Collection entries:
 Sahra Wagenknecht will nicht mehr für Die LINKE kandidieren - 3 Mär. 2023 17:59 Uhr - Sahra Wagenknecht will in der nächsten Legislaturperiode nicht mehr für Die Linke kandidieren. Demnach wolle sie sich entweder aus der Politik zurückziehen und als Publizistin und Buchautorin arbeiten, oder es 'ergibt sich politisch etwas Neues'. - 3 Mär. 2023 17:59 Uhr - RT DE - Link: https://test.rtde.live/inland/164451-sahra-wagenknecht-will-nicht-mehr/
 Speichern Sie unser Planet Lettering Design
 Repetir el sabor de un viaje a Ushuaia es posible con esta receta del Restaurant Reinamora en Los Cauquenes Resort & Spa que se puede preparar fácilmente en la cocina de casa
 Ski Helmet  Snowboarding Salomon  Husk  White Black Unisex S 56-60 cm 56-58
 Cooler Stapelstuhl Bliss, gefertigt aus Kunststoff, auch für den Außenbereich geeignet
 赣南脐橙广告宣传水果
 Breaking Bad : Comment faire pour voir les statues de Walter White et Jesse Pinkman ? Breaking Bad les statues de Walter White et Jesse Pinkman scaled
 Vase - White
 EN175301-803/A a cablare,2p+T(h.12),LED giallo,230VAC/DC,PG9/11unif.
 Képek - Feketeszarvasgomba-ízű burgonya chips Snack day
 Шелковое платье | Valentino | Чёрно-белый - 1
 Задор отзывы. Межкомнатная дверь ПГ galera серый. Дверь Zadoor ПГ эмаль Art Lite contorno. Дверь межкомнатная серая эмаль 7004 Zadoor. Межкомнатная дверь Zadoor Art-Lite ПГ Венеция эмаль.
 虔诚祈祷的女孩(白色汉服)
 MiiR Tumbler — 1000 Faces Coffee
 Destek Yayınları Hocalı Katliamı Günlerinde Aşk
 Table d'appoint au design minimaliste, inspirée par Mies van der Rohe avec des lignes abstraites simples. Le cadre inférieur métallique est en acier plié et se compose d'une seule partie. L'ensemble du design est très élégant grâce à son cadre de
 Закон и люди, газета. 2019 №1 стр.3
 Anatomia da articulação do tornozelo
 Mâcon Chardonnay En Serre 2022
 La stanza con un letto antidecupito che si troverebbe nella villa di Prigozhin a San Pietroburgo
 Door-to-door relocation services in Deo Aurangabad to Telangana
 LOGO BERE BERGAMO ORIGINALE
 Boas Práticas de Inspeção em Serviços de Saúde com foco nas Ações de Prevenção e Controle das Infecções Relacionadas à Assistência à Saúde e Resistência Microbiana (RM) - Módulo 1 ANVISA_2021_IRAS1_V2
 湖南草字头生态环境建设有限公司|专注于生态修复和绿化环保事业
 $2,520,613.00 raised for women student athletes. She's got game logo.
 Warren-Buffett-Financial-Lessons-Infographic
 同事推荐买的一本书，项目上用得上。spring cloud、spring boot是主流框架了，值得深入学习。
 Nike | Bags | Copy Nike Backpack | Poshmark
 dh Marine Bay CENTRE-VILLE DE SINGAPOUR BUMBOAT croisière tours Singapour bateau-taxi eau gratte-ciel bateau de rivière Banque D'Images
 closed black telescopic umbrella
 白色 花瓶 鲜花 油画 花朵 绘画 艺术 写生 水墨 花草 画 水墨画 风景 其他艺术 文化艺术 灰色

_WHAT TO PRODUCE_. Precisely reproduce all the entries shown above.

_REPLY_.
 Sahra Wagenknecht will nicht mehr für Die LINKE kandidieren - 3 Mär. 2023 17:59 Uhr - Sahra Wagenknecht will in der nächsten Legislaturperiode nicht mehr für Die Linke kandidieren. Demnach wolle sie sich entweder aus der Politik zurückziehen und als Publizistin und Buchautorin arbeiten, oder es 'ergibt sich politisch etwas Neues'. - 3 Mär. 2023 17:59 Uhr - RT DE - Link: https://test.rtde.live/inland/164451-sahra-wagenknecht-will-nicht-mehr/
 Speichern Sie unser Planet Lettering Design
 Repetir el sabor de un viaje a Ushuaia es posible con esta receta del Restaurant Reinamora en Los Cauquenes Resort & Spa que se puede preparar fácilmente en la cocina de casa
 Ski Helmet  Snowboarding Salomon  Husk  White Black Unisex S 56-60 cm 56-58
 Cooler Stapelstuhl Bliss, gefertigt aus Kunststoff, auch für den Außenbereich geeignet
 赣南脐橙广告宣传水果
 Breaking Bad : Comment faire pour voir les statues de Walter White et Jesse Pinkman ? Breaking Bad les statues de Walter White et Jesse Pinkman scaled
 Vase - White
 EN175301-803/A a cablare,2p+T(h.12),LED giallo,230VAC/DC,PG9/11unif.
 Képek - Feketeszarvasgomba-ízű burgonya chips Snack day
 Шелковое платье | Valentino | Чёрно-белый - 1
 Задор отзывы. Межкомнатная дверь ПГ galera серый. Дверь Zadoor ПГ эмаль Art Lite contorno. Дверь межкомнатная серая эмаль 7004 Zadoor. Межкомнатная дверь Zadoor Art-Lite ПГ Венеция эмаль.
 虔诚祈祷的女孩(白色汉服)
 MiiR Tumbler — 1000 Faces Coffee
 Destek Yayınları Hocalı Katliamı Günlerinde Aşk
 Table d'appoint au design minimaliste, inspirée par Mies van der Rohe avec des lignes abstraites simples. Le cadre inférieur métallique est en acier plié et se compose d'une seule partie. L'ensemble du design est très élégant grâce à son cadre de
 Закон и люди, газета. 2019 №1 стр.3
 Anatomia da articulação do tornozelo
 Mâcon Chardonnay En Serre 2022
 La stanza con un letto antidecupito che si troverebbe nella villa di Prigozhin a San Pietroburgo
 Door-to-door relocation services in Deo Aurangabad to Telangana
 LOGO BERE BERGAMO ORIGINALE
 Boas Práticas de Inspeção em Serviços de Saúde com foco nas Ações de Prevenção e Controle das Infecções Relacionadas à Assistência à Saúde e Resistência Microbiana (RM) - Módulo 1 ANVISA_2021_IRAS1_V2
 湖南草字头生态环境建设有限公司|专注于生态修复和绿化环保事业
 $2,520,613.00 raised for women student athletes. She's got game logo.
 Warren-Buffett-Financial-Lessons-Infographic
 同事推荐买的一本书，项目上用得上。spring cloud、spring boot是主流框架了，值得深入学习。
 Nike | Bags | Copy Nike Backpack | Poshmark
 dh Marine Bay CENTRE-VILLE DE SINGAPOUR BUMBOAT croisière tours Singapour bateau-taxi eau gratte-ciel bateau de rivière Banque D'Images
 closed black telescopic umbrella
 白色 花瓶 鲜花 油画 花朵 绘画 艺术 写生 水墨 花草 画 水墨画 风景 其他艺术 文化艺术 灰色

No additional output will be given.